**Stored data**

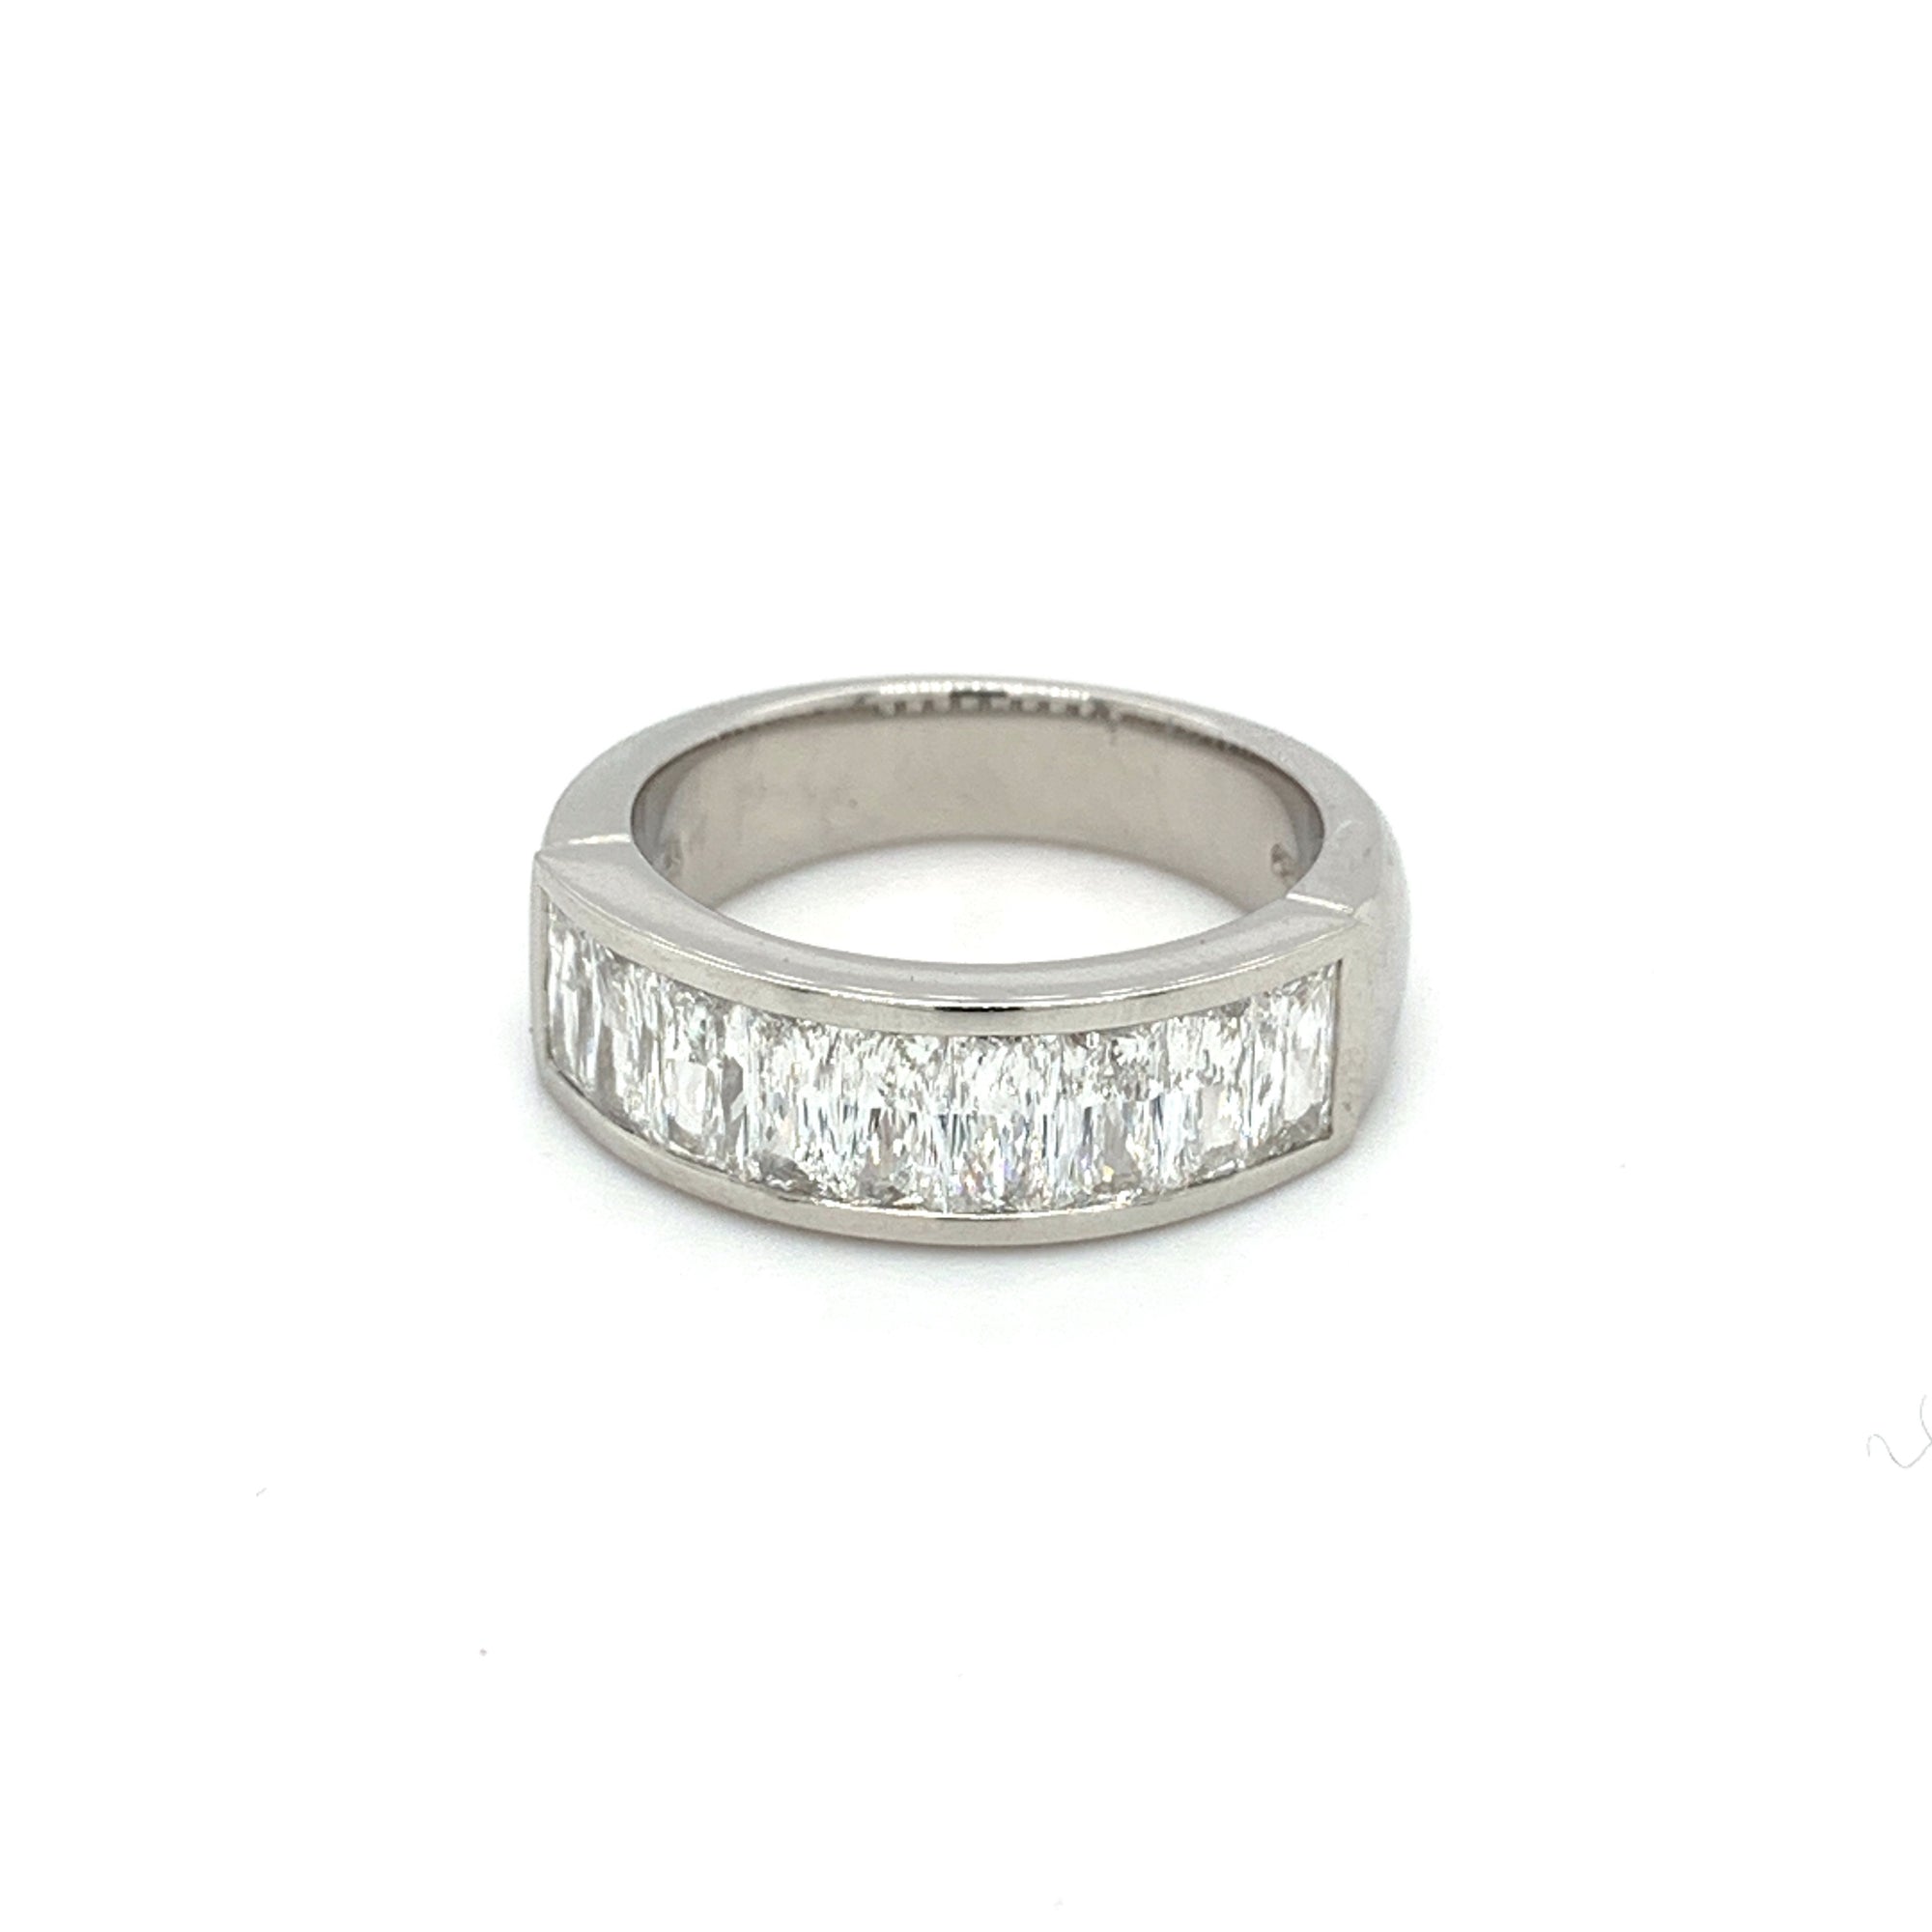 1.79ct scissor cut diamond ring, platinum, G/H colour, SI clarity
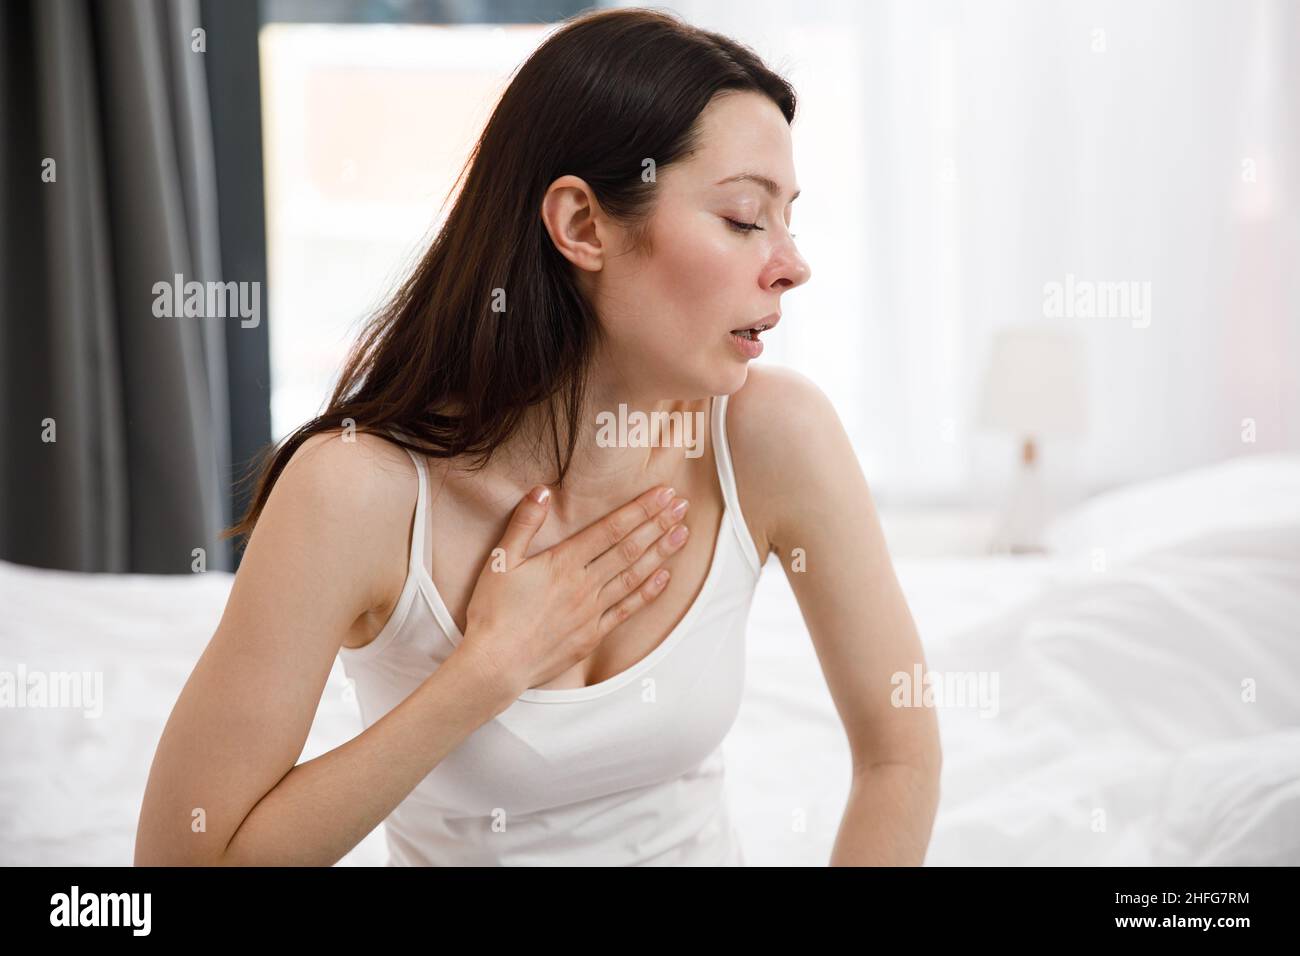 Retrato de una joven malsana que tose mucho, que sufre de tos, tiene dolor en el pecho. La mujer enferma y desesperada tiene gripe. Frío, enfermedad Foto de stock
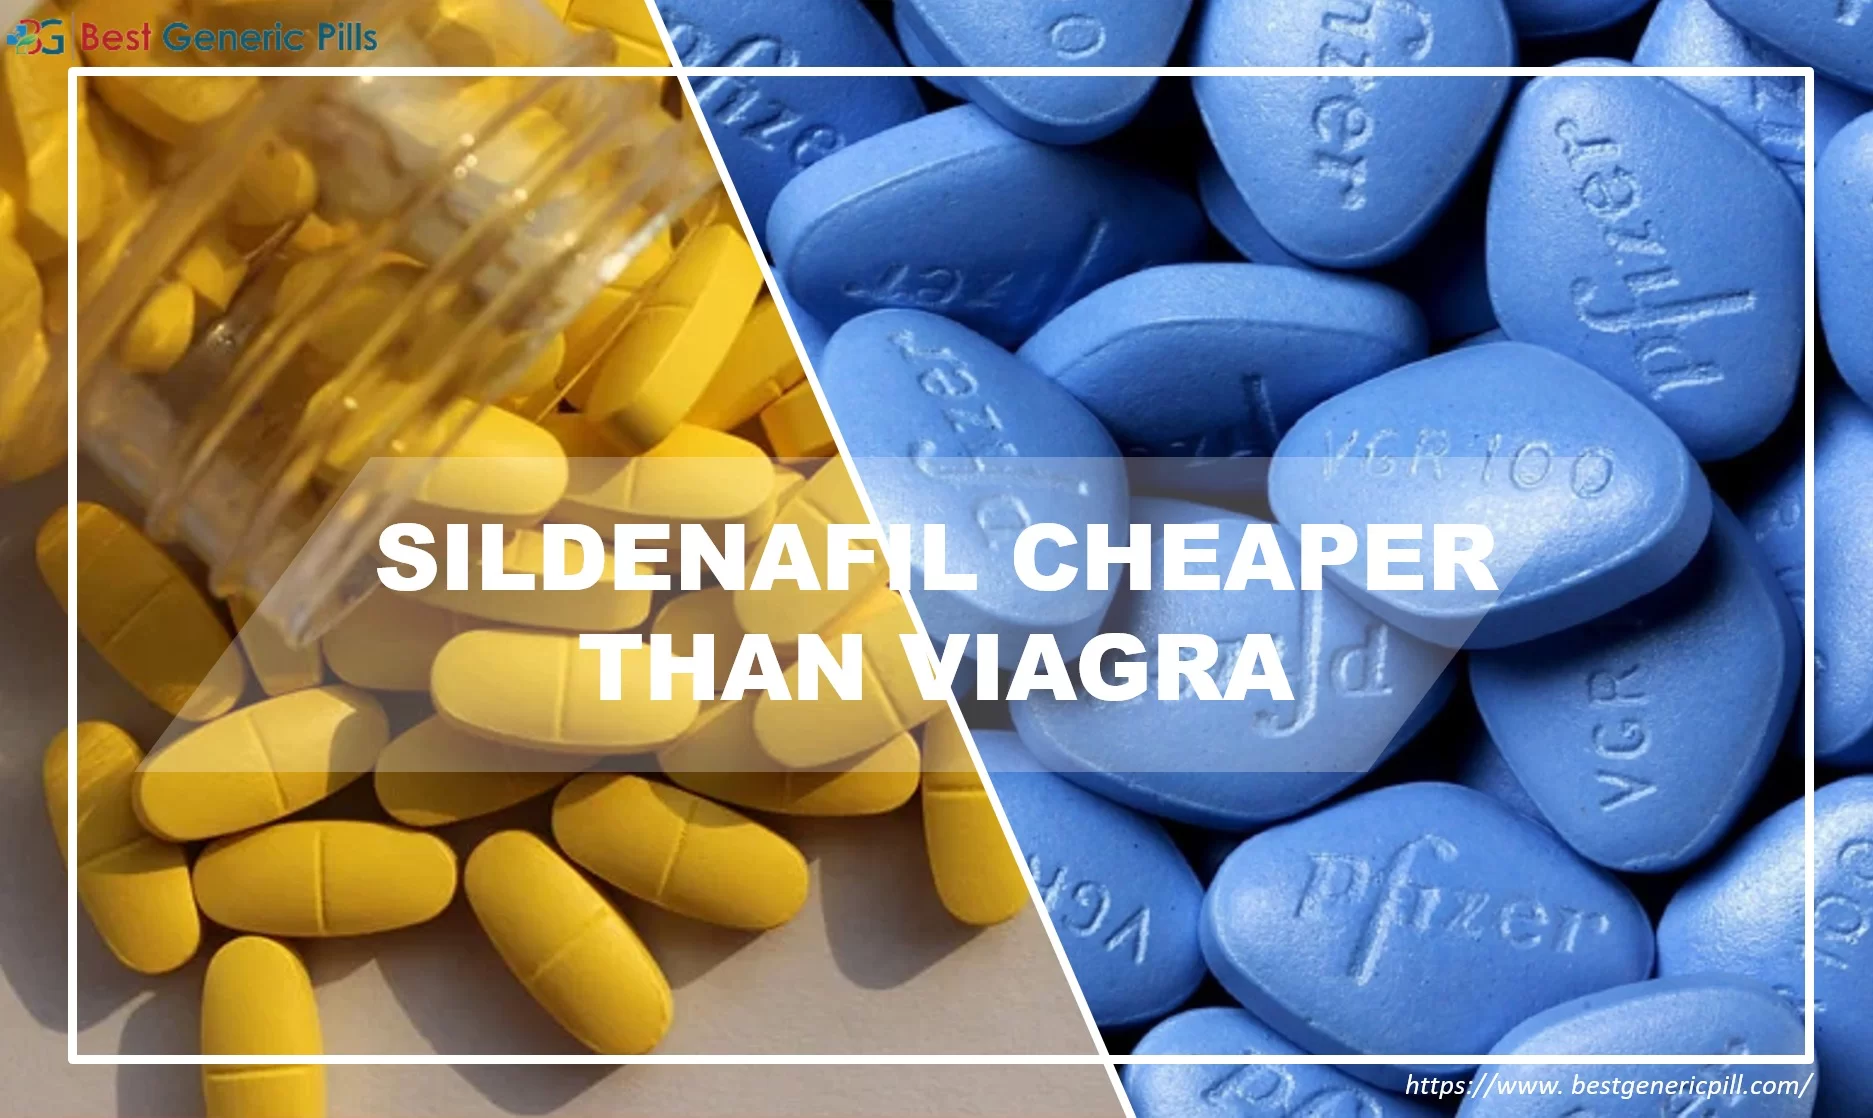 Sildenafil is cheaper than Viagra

**Try it**
With the images omitted, repeat all the data word for word.

**Exercise response**
 1.79ct scissor cut diamond ring, platinum, G/H colour, SI clarity
 Retrato de una joven malsana que tose mucho, que sufre de tos, tiene dolor en el pecho. La mujer enferma y desesperada tiene gripe. Frío, enfermedad Foto de stock
 Sildenafil is cheaper than Viagra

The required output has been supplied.